Mercury was a blasted little planet.
Dellander watched as it came into focus on the screen. The darkened night side was crisscrossed with a grid of blue-white lines. What he could see of the dayside was molted brown and gray, a broken mush of craters and whatever the hell the Vex had built there.
"The location we're traveling to is right in the middle of the twilight region," Linvana's Ghost said over the coms. "There was a good deal of electrical interference there last time, but it's diminished since then. We'll still have to set down a few miles out though."
"Lovely," Dellander muttered. He checked his pistol and his long-rifle, and made sure his armor was all tight and sealed. Temperatures in the sun would be hot enough to burn skin on contact, something he learned after a particularly painful death in the Crucible. He slipped his helmet on and waited for transmat.
The three ships dove in formation. They tore through the thin air and leveled out. Dellander glimpsed pillars of metal and stone illuminated by the half-light. A moment later, the ship was gone, and he landed in a bank of pale sand, his dark yellow cloak billowing around him.
Linvana appeared next to him. Her gold and red armor glinted in the sun. Elva materialized a moment later, yellow and olive green coat brushing the sand as she sank up to her mid-calf.
"Which way?" Dellander asked. They were standing on the side of a low mountain. The sand slope was dotted with arrangements of Vex stone and metal. A wide structure that looked something like a fortress crowned the distant peak.
"Up the mountain," Linvana said, "The transmission came from the Forge at the very top. No vehicle link for sparrows, so we'll have to walk."
The Titan set off, her black auto-rifle and serrated sword slung across her back. Dellander and Elva followed.
A constant breeze blew across the mountain. It picked up the sand and scattered it against the Guardians. Dellander hated Mercury just for that reason. Cleaning the sand out of his armor took forever. He groaned. This was going to ruin the dark blue paint job Miss Levante just put on it.

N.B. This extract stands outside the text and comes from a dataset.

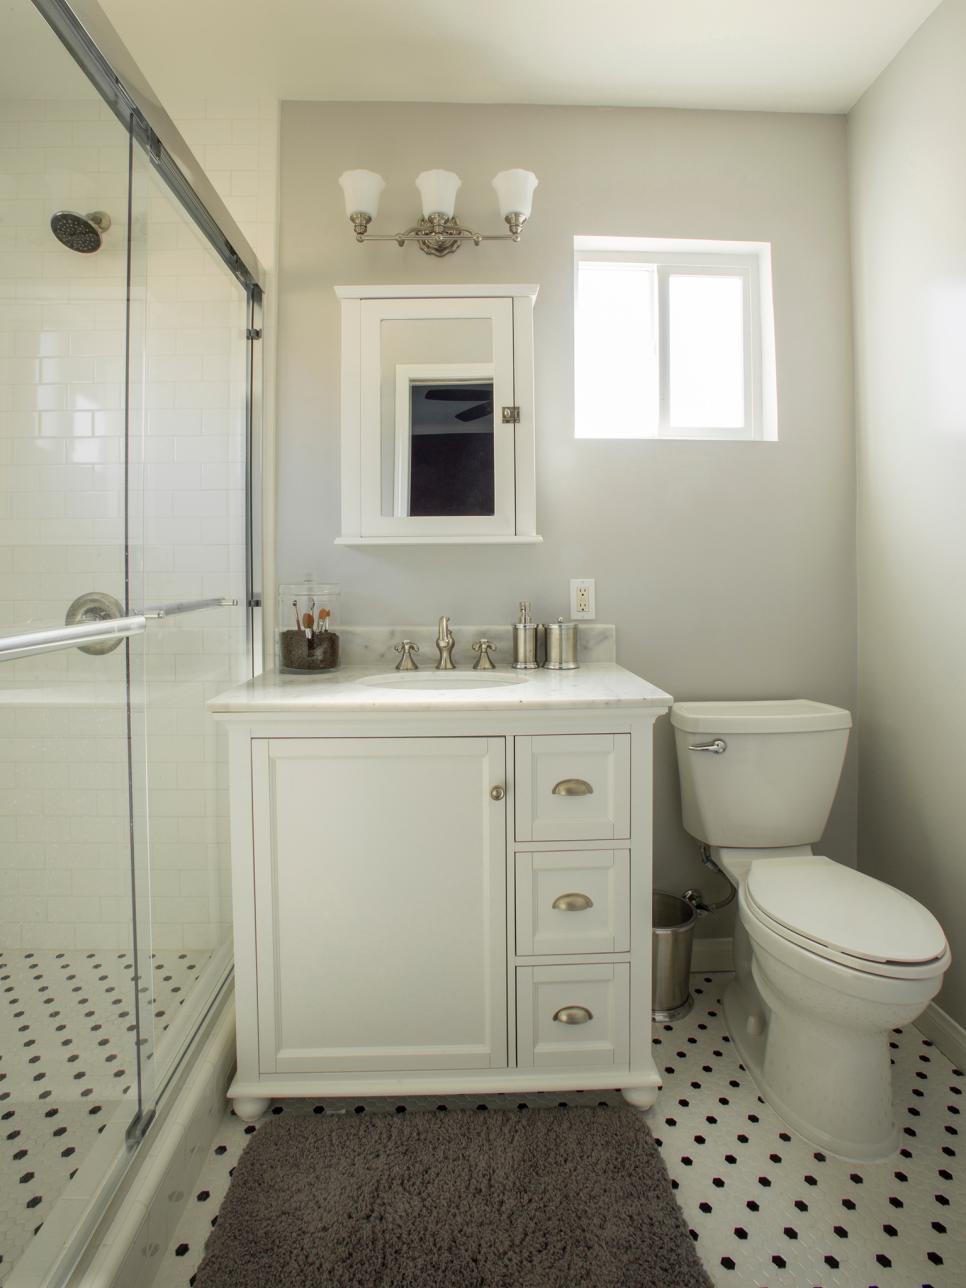 bathroom gray flooring hgtv floor bathrooms grey vanity tile renovation hunters tiles shower modern walls decorating bath remodeling remodels remodel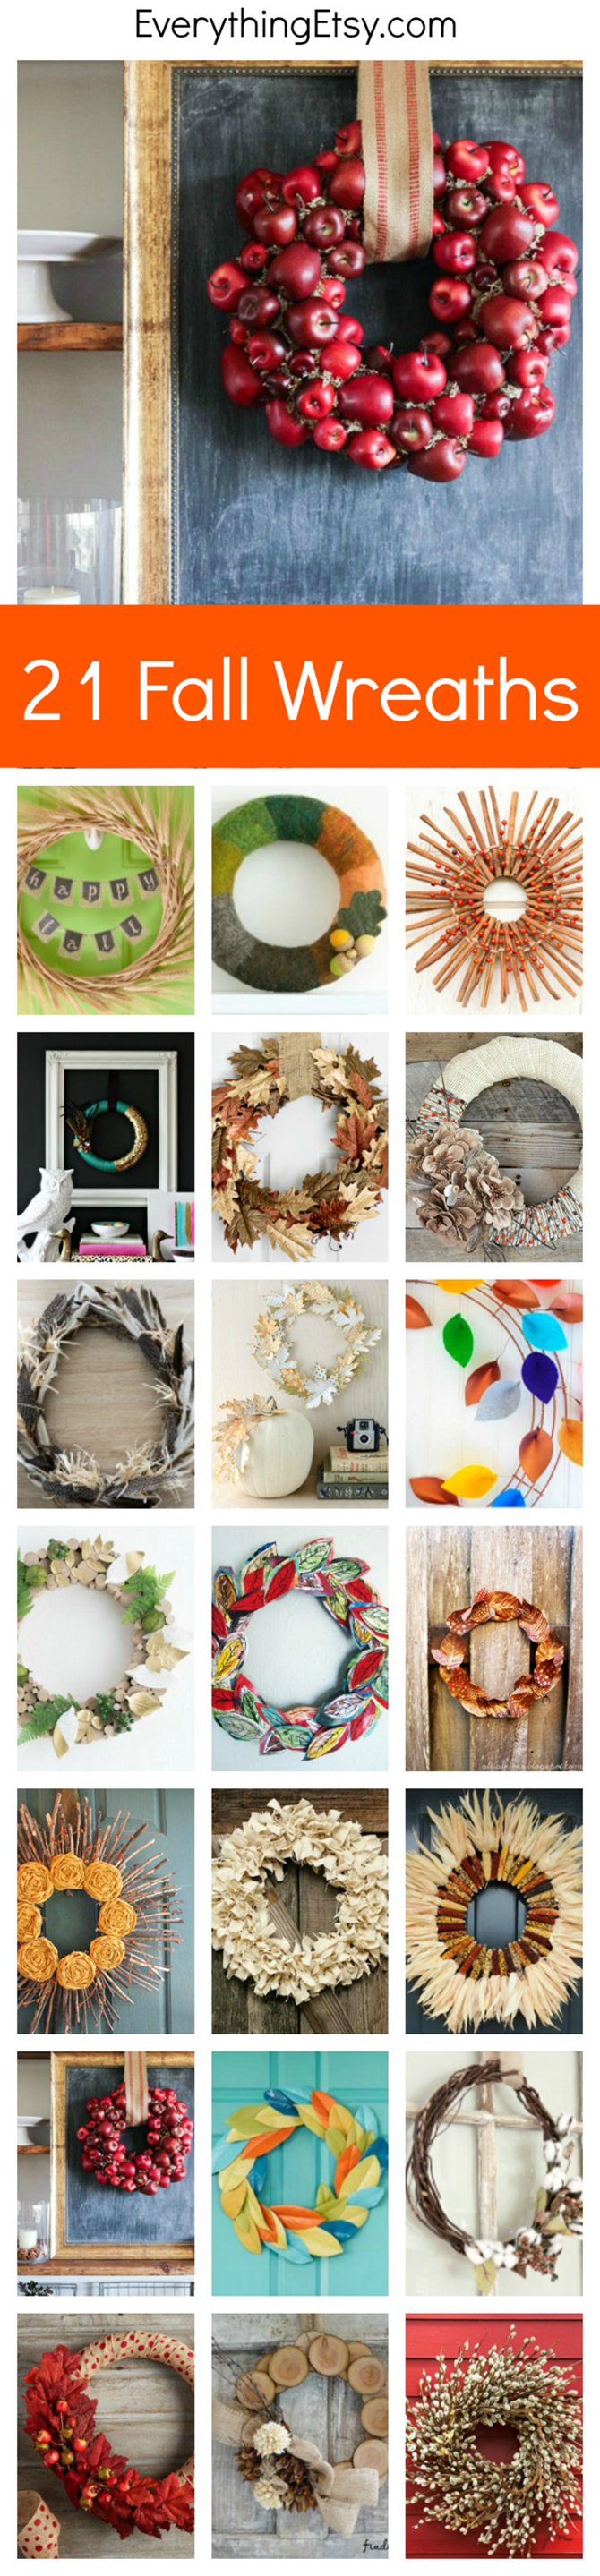 21-Fall-Wreath-Ideas-and-Tutorials-on-EverythingEtsy

They picked their way up the slope, winding between twisted pillars of stone, metal, and glass. They rounded a final corner, and emerged onto a broad field in front of the fortress. Linvana had mentioned that the place was a mirrored version of the Burning Shrine. He definitely saw the resemblance. It was mostly the same, except for the middle pillar being replaced with a circular platform.
Linvana and Elva released their Ghosts and had them start sweeping the area. Dellander shrugged and let Silla out.
"Any idea what we're looking for?" he asked?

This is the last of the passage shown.